Deux siècles après, c’est l’histoire de l’émancipation de Blanche qui nous est racontée. Le parti pris était intéressant, c’est tour à tour que la petite fille, l’enfance se raconte et que la morte, la vieille âme commente ; je trouve le concept magnifique. J’ai retrouvé avec grand plaisir Bérangère, la servante dévouée du premier tome, assassinée avant de pouvoir interpeller le pape et devenue dans « La terre qui penche » l’incarnation de chair et de sang de la rivière. C’est une idée fantastique de lier la Loue et Bérangère pour prolonger la légende de la dame verte. Les loups de tissu qui prennent vie, les fantômes assassins des petites filles de rouge vêtues, Hansel et Gretel revisité, l’innocence pure d’Aymon, toutes ces énigmes à peine esquissées sont de bien jolies pistes.
C’est ça le problème de ce livre : de très bonnes idées qui s’égarent et qui au lieu d’accrocher le lecteur finissent par lui donner envie de baisser les bras. Il y en a partout, une chatte n’y retrouverait pas ses petits.
Les mystères s’accumulent et Carole Martinez prend un malin plaisir à commencer à les élucider pour brutalement laisser le lecteur sur sa faim. Sauf qu’au bout de la troisième fois, ça agace. Cela devient artificiel, on sent la manip. Le suspense est factice et le croche-pied de la fin ne rattrape rien pour la bonne et simple raison qu’à ce stade-là, on a eu tout le temps de décrocher. L’on devient indifférent. L’évocation de la relation père-fille si forte dans « Dans du domaine des Murmures » est ici avortée. Ce père violent, dur, indifférent qui au fil des récits de chacun apparaît comme un homme blessé, un jeune homme aimant n’aura pas la chance de rencontrer les mots, le cœur de sa fille. À peine lira-t-on quelques phrases sur le sujet, or je pensais que c’était un des grands enjeux de ce roman et je suis restée sur ma faim. Je m’attendais, à tort peut-être, à ce que Carole Martinez s’épanche plus sur ce sujet.

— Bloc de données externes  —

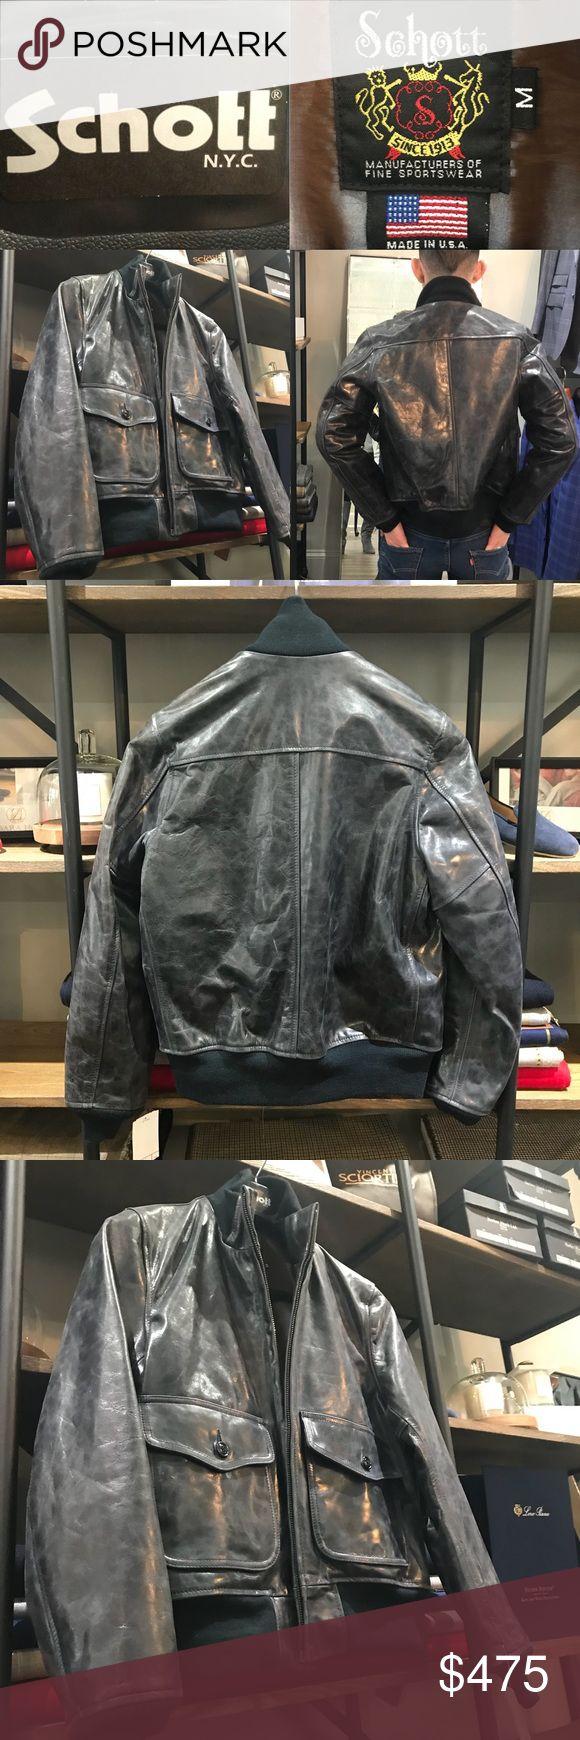 Schott Leather Jacket NWT - Schott Leather Jacket, size medium, color is slate (blue/gray), lined, pockets, silver hardware Schott NYC Jackets & Coats Bomber & Varsity

Et pour finir, on s’ennuie. On s’ennuie terriblement sur «La terre qui penche ».
Je crois que je n’ai jamais été aussi sévère dans un billet chroniquant un livre. Qui aime bien châtie bien et j’adore Carole Martinez. Ma déception est bien trop grande.
Mais qu’on ne s’y méprenne pas, elle est toujours aussi douée : « Les secrets de famille sont des fantômes, on les enterre, mais ils nous hantent. Si je doutais de mon existence, je dirais même que ce sont les seuls vrais fantômes. Mais peut-être ne suis-je qu’une simple histoire de famille qui se cherche désespérément un sens… ».
Carole Martinez est toujours aussi féministe : « car je suis BLANCHE et je serai mon domaine, mon château, ma maîtresse, nul ne me pliera plus dès que je serai grande (…) ».
Elle est toujours aussi bouleversante et la déclaration de paternité absolue qu’elle offre au futur beau-père de Blanche est à pleurer : «Être père n’est pas affaire naturelle. Je ne me souviens pas vraiment du mien, il était une grande figure absente, un mythe construit par la parole de ma mère. (…) J’ai alors choisi d’endosser le rôle de Joseph plutôt que celui de Dieu, je me suis questionné sur ce que je ressentais et non sur ce que je représentais. Tu m’as révélé à moi-même mon fils. Grâce à toi, je me suis offert la joie d’être un homme aimant et imparfait.(…) Tu es au monde, tu es le monde. Ton frère et ta sœur aînée ont été emportés par le grand mal, je n’ai pas pu les retenir. Joseph est un impuissant. L’amour et la tendresse sont impuissants ».
Carole Martinez est toujours aussi juste et pour ce paragraphe là, ce paragraphe d’utilité publique, je sauverai son livre : « Il me semble qu’une religion ne prend sens que si elle se dépouille absolument de ce pouvoir-là (temporel) et ne craint plus sa fin. Quand elle ne s’impose plus par force ou effroi, alors seulement, elle devient spirituelle et précieuse. Mais comme la majorité des hommes a besoin de croire en foule, qu’elle rêve d’un père puissant, pas d’un Joseph, et que nul n’accède au pouvoir par hasard, comme ce chemin qui y mène ne rend pas meilleur et que l’heure n’est pas au dépouillement, j’ai peur pour vous, mes chers vivants. Moi qui suis morte, je peux rire tout mon saoul des ambitieux qui se rêvent des saints en agitant l’épée du sacrifice. Je peux rire de ceux qui utilisent Dieu comme prétexte pour asseoir leur pouvoir. Mais j’ai bien peur pour vous, pauvres vivants, qu’un éclat de rire met en péril… Le rire est une menace, qui grignote les certitudes, découd les lèvres, déssille les hommes, dénude les rois, le mieux est de le déclarer hérétique ».
Alors pourquoi cela ne fonctionne-t-il pas ?
Finalement, peut-être que c’est le tome de la transition et que c’est peut-être pour ça qu’il est aussi bancal. À finir le paysage « Du domaine des Murmures » et installer les champs du prochain livre, Carole Martinez s’est peut-être perdue, elle s’est égarée, elle a perdu le cap, elle n’a pas su de mon point de vue maintenir une structure solide car prise en étau entre “le passé” et l'”avenir”. Ce n’est pas si simple de se lancer dans une trilogie, mais je lirai sans nul doute le troisième voyage des Murmures : par curiosité, par amour du style, par affection pour l’auteur.
« Tu as vécu en un siècle terrible, le pire qui fut, mais j’ai bien peur que cette nouvelle cérémonie, celle qui se prépare aujourd’hui (2015) dans cet autre siècle que je hante ne soit aussi un chant du cygne. La vierge du quinze d’août arrange ou défait tout. Cessons de jouer les Cassandre et reprenons le cours de nos souvenirs, il y a tant à raconter encore avant que nous mourions ».